90861 - Sociosemiotics of Fashion

Academic Year 2025/2026

  • Docente: Mario Panico
  • Credits: 6
  • SSD: M-FIL/05
  • Language: Italian
  • Teaching Mode: Traditional lectures
  • Campus: Rimini
  • Corso: First cycle degree programme (L) in Fashion Cultures and Practices (cod. 9064)

Learning outcomes

At the end of the course the student has acquired the ability to analyise and understand the most common types of texts used in fashion and life style communication and design. The result is pursued by introducing the theories of semiotics in their application to the analysis and planning of commercial and social messages.

Course contents

"Fashion is always semiotic" – Juri M. Lotman
This course sets out to examine the discourses of fashion through the lenses of cultural semiotics, the semiotics of memory, and socio-semiotics. Its aim is to equip students with the theoretical and analytical tools necessary to critically engage with the clothing system as an integral part of the power relations that run through our societies.

The first part of the course will focus on the key thinkers who have shaped the semiotic debate around fashion, style, and the art of dressing. The second part will explore how fashion and dressing practices can serve both as a means of identity-based emancipation for subaltern communities and as a site where power dynamics are reproduced, as well as a medium for collective memory and political activism.

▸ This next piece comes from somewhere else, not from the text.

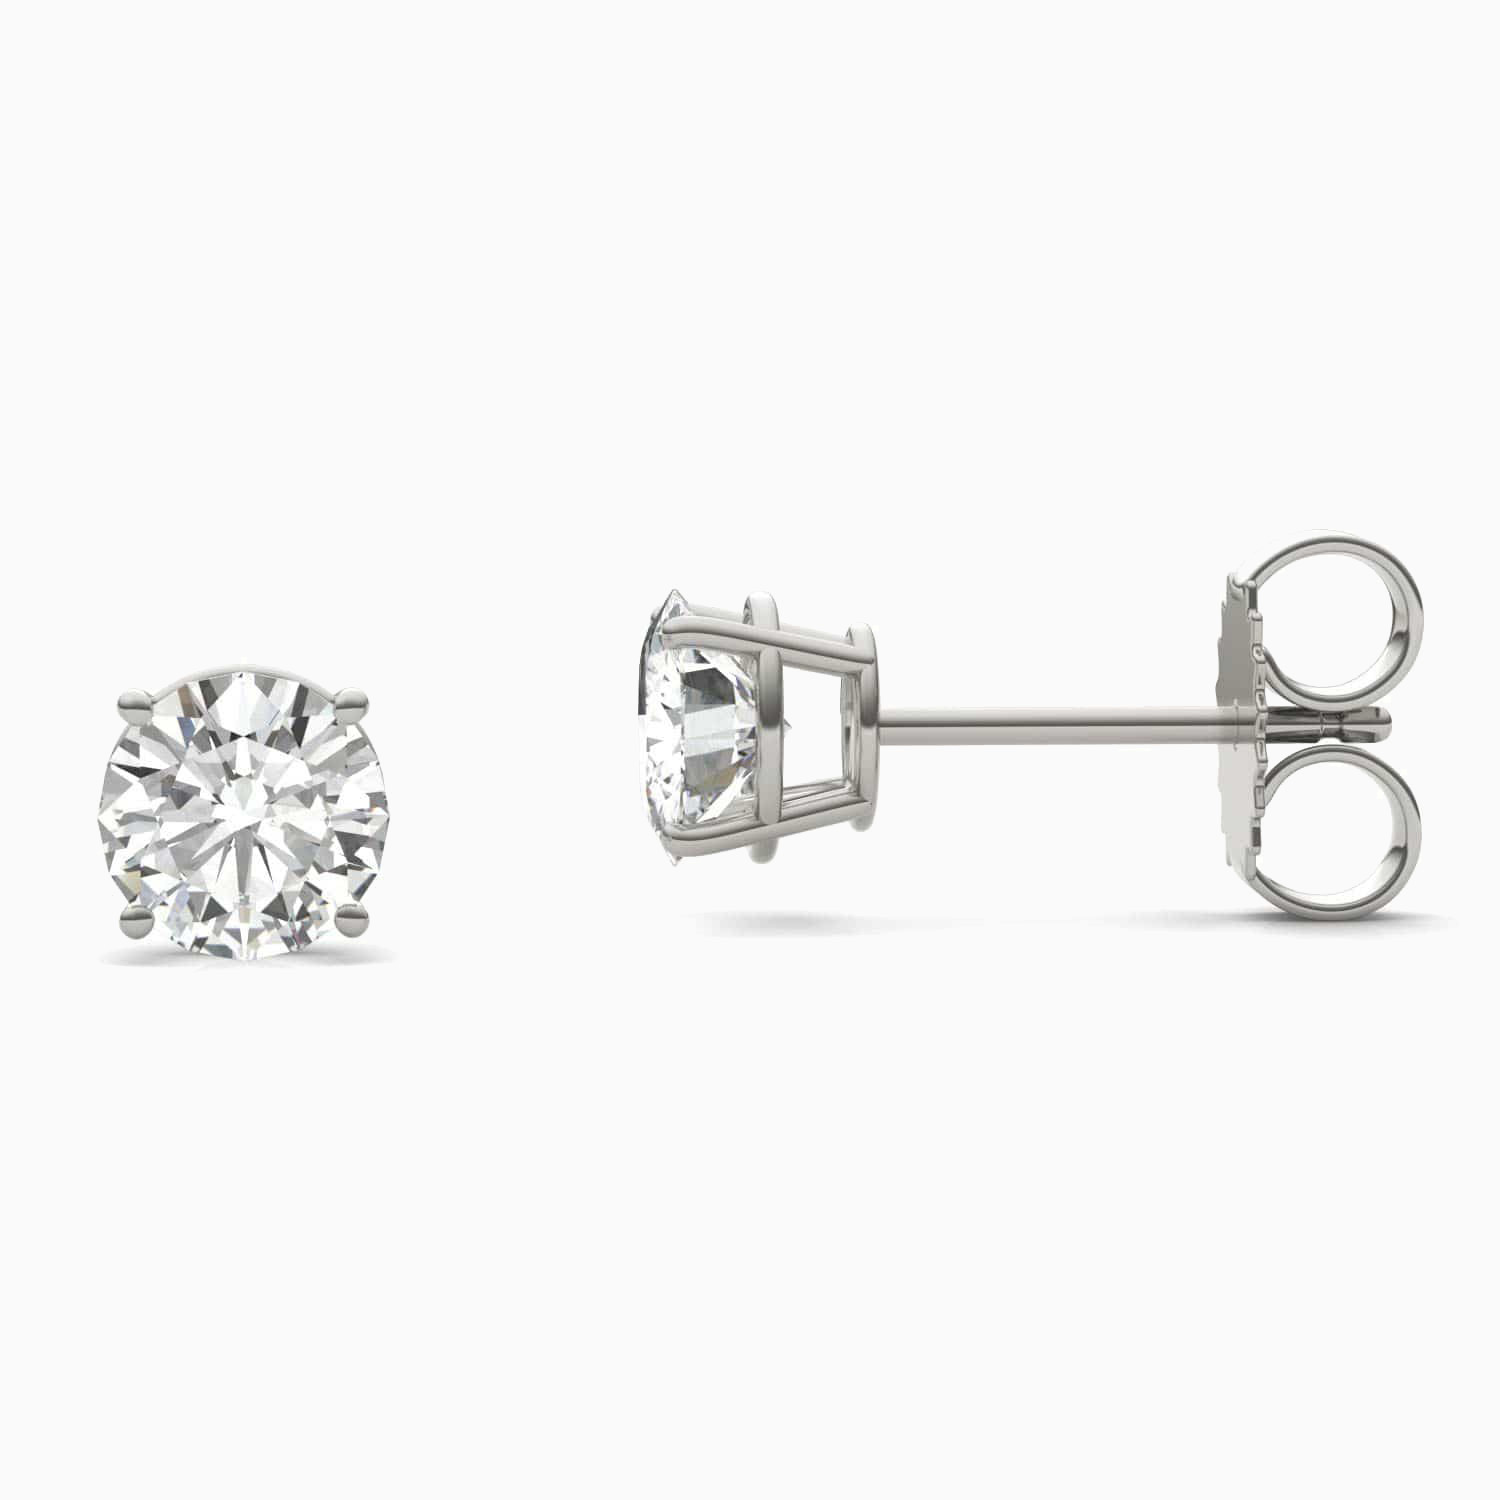 Moissanite Studs Earrings Round Solitaire 2 Carat

In particular, the course will provide a framework for reflecting on fashion and politics (hierarchical systems, subaltern conditions, gender dynamics) as intrinsically linked domains. A semiotic approach will be adopted to deconstruct what is often perceived as natural in ways of dressing, revealing the underlying codes and structures of power that warrant critical analysis.

  • Week 1
    Sociosemiotics of Fashion
  • Week 2
    Key authors, perspectives, and methodologies in fashion semiotics
  • Week 3
    Key authors, perspectives, and methodologies in fashion semiotics
  • Week 4
    Fashion and politics
  • Week 5
    Fashion and politics

 

Readings/Bibliography

Sociosemiotics

  • Marrone, G. (2001). Corpi Sociali. Processi comunicativi e semiotica del testo, Torino, Einaudi. (Solo "Introduzione" e "Tra le parole e le cose").

Semiotics of Fashion

  • Barthes, R. (2006). Il senso della moda. Forme e significati dell'abbigliamento, Torino, Einaudi.
  • Pezzini, I. e Terraciano, B. (a cura di). (2020). La moda fra senso e cambiamento. Teorie, oggetti, spazi. Milano: Mimesis (capitoli 3, 6, 8, 10, 13)
  • Terraciano, B. (2022). "Semiotica della moda", in Marrone G. e Migliore T. (a cura di) Cura del senso e critica sociale. Ricognizione della semiotica italiana, Milano: Mimesis (solo questo capitolo)

Fashion, Memory, Politics

4. Thompson Ford, R. Dress code. Come la moda dà forma alla storia. Milano: Il Saggiatore (solo PARTE TERZA: Power dressing: vestirsi per il potere)

5. Maria Cristina Marchetti. (2020). Moda e politica. La rappresentazione simbolica del potere, Milano: Meltemi. (capitoli scelti)


Teaching methods

The lecturer will alternate traditional lectures with seminar-style sessions, during which specific case studies will be analyzed or classic texts in fashion semiotics will be discussed.

Active participation from students is required.
Attendance is strongly recommended.

 

Assessment methods

Learning will be assessed through an oral exam.

Scores will be based on the following criteria:

18-20: the student's contribution lacks elements of excellence or originality, i.e. the shortcomings are sufficient to offset the positive aspects of the activity; (E-)

20-24: the activity has some good aspects but has not been fully developed, i.e. it shows some serious shortcomings, although it is of a good overall standard; (E E+)

25-27: the activity is good or very good, but some or several weaknesses prevent it from achieving an excellent rating. (D D+)

28-30: Very good, no shortcomings, some or several elements of originality. (C C+)

30 with honours: excellent in all respects, original and exceptional (A).

Teaching tools

Portable and desktop PCs, video projector, WiFi access point, internet connection, e-learning platform, personal smartphones.

Office hours

See the website of Mario Panico

SDGs

Quality education Gender equality Reduced inequalities

This teaching activity contributes to the achievement of the Sustainable Development Goals of the UN 2030 Agenda.